THE JUBILEE

Leviticus 25:8

"And thou shalt number seven sabbaths of years unto thee, seven times seven years; and there shall be unto thee the days of seven sabbaths of years, even forty and nine years. Then shalt thou send abroad the loud trumpet on the tenth day of the seventh month; in the day of atonement shall ye send abroad the trumpet throughout all your land. And ye shall hallow the fiftieth year, and proclaim liberty throughout the land unto all the inhabitants thereof: it shall be a jubilee unto you; and ye shall return every man unto his possession, and ye shall return every man unto his family. A jubilee shall that fiftieth year be unto you: ye shall not sow, neither reap that which groweth of itself in it, nor gather the grapes in it of the undressed vines. For it is a jubilee; it shall be holy unto you: ye shall eat the increase thereof out of the field."

The remainder of this chapter, Leviticus 25:8, is occupied with this ordinance of the jubilee year; an observance absolutely without a parallel in any nation, and which has to do with the solution of some of the most difficult social problems, not only of that time, but also of our own. Seven weeks of years, each terminating with the sabbatic year of solemn rest for the land, were to be numbered, i.e., forty-nine full years, of which the last was a sabbatic year, beginning, as always, with the feast of atonement in the tenth day of the seventh month. And then when, at its expiration, the day of atonement came round again, at the beginning of the fiftieth year of this reckoning, at the close, as would appear, of the solemn expiatory ritual of the day, throughout all the land of Israel the loud trumpet was to be sounded, proclaiming "liberty throughout the land unto all the inhabitants thereof." The ordinance is given in Leviticus 25:8 above.

It appears that the liberty thus proclaimed was threefold:

(1) liberty to the man who, through the reverses of life, had become dispossessed from his family inheritance in the land, to return to it again;

(2) liberty to every Hebrew slave, so that in the jubilee he became a free man again;

(3) the liberty of release from toil in the cultivation of the land, -a feature, in this case, even more remarkable than in the sabbatic year, because already one such sabbatic year had but just closed when the jubilee year immediately succeeded.

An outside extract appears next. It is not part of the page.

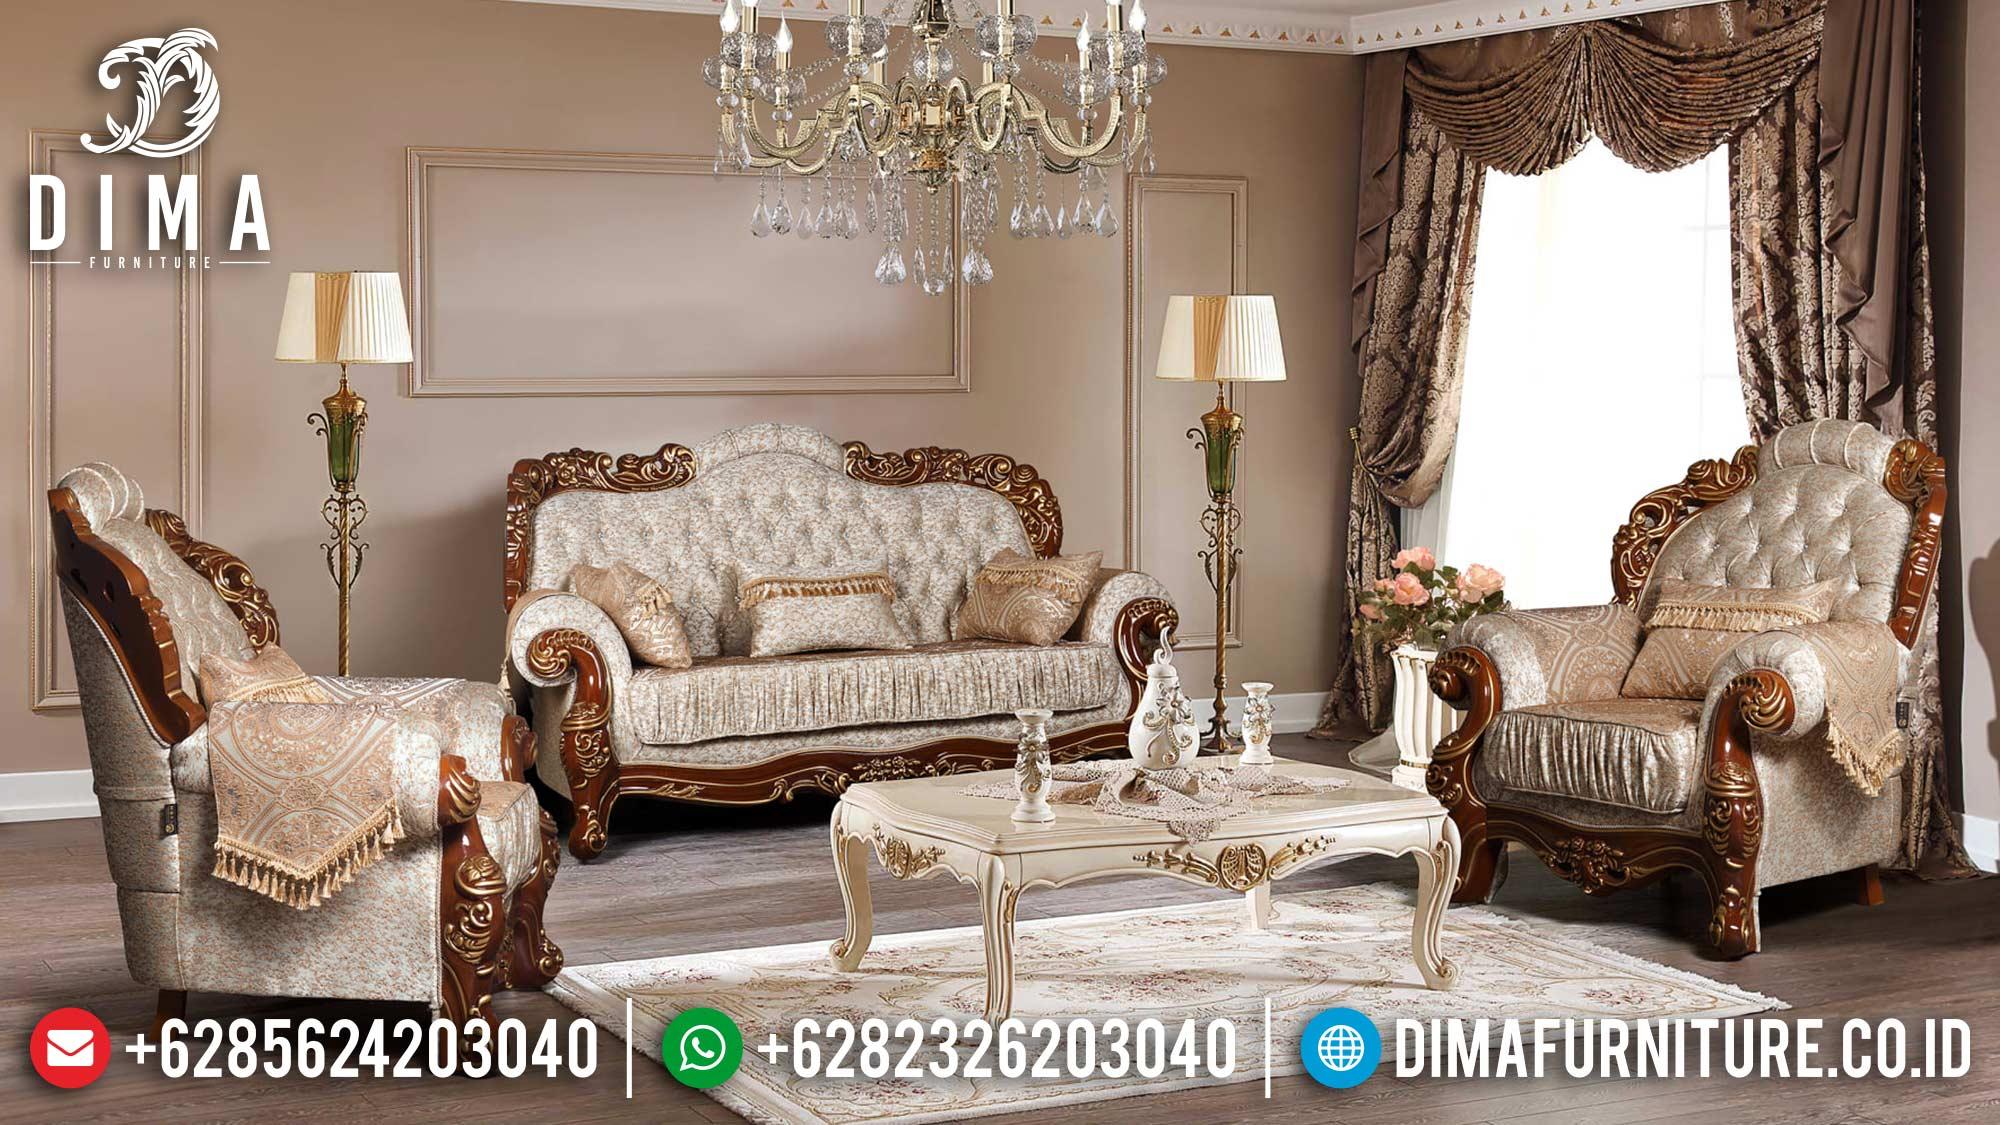 Harga Sofa Tamu Mewah Jepara Berukir Klasik Natural Gold Luxury DF-1501

Why this year should be called a jubilee (Hebrews yobel) is a vexed question, on which scholars are far from unanimous; but as it is of no practical importance, there is no need to enter on the discussion here. To suppose that these enactments should have originated, as the radical critics claim, in post-exilian days, when, under the existing social and political conditions, their observance was impossible, is utterly absurd. Not only so, but in view of the admitted neglect even of the sabbatic year, -an ordinance certainly less difficult to carry out in practice, -during four hundred and ninety years of Israel's history, the supposition that the law of the jubilee should have been first promulgated at any earlier post-Mosaic period is scarcely less incredible.